For investors, the outcome will influence which kinds of platforms remain accessible and how much due diligence they will need to perform on their own. A tighter regime might limit access to high-risk, experimental DeFi tools but could also reduce exposure to outright frauds. A looser regime would preserve maximum choice but continue to put the burden of risk assessment on individual users.

The broader stakes for tokenized securities

Beyond DeFi itself, this dispute is also about the future of tokenized securities-traditional financial instruments represented on blockchains.

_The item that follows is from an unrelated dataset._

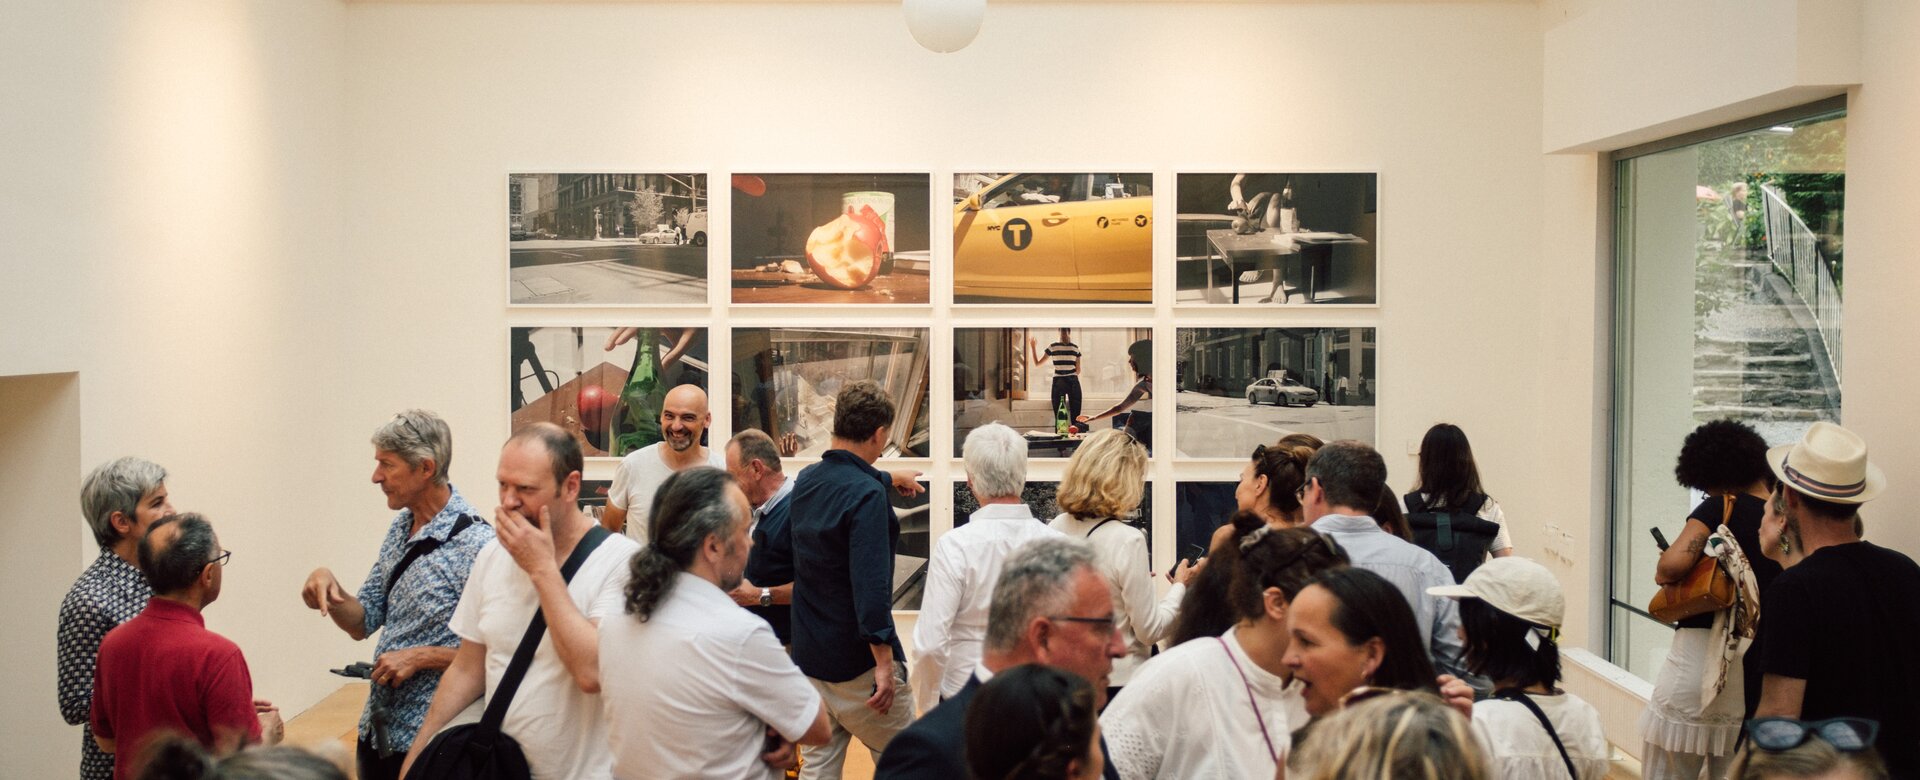 Viele Personen gehen in einem Raum mit einer Kunstgalerie herum | © Hannes Wichmann

If tokenized assets are confined to heavily regulated, centralized venues, they may end up looking similar to today’s markets, just running on different infrastructure. If, instead, they can trade on permissionless, non-custodial protocols, a more open and globally accessible financial ecosystem could emerge, with 24/7 markets and lower barriers to entry.

SIFMA, Citadel, and other incumbents highlight systemic risk and regulatory consistency. DeFi advocates highlight competition, efficiency, and the possibility of reducing reliance on large financial intermediaries. The SEC will have to decide how much weight to give each of these considerations as it refines its policy.

What comes next?

The Commission is expected to continue gathering input from both traditional institutions and DeFi advocates as it drafts rules or exemptions related to tokenized securities and decentralized trading.

The final framework will likely attempt to reconcile three competing goals: maintaining investor protection, ensuring fair and orderly markets, and not shutting down promising financial innovations before they can mature. Whether non-custodial platforms are ultimately treated like exchanges-or recognized as something fundamentally new-will be a decisive factor in how far DeFi can go within regulated markets.

For now, the standoff between DeFi proponents and Wall Street underscores a larger question: should regulation adapt to new technology, or should new technology be forced to fit into old regulatory molds? The SEC’s answer will resonate far beyond DeFi, shaping the broader evolution of digital finance in the years ahead.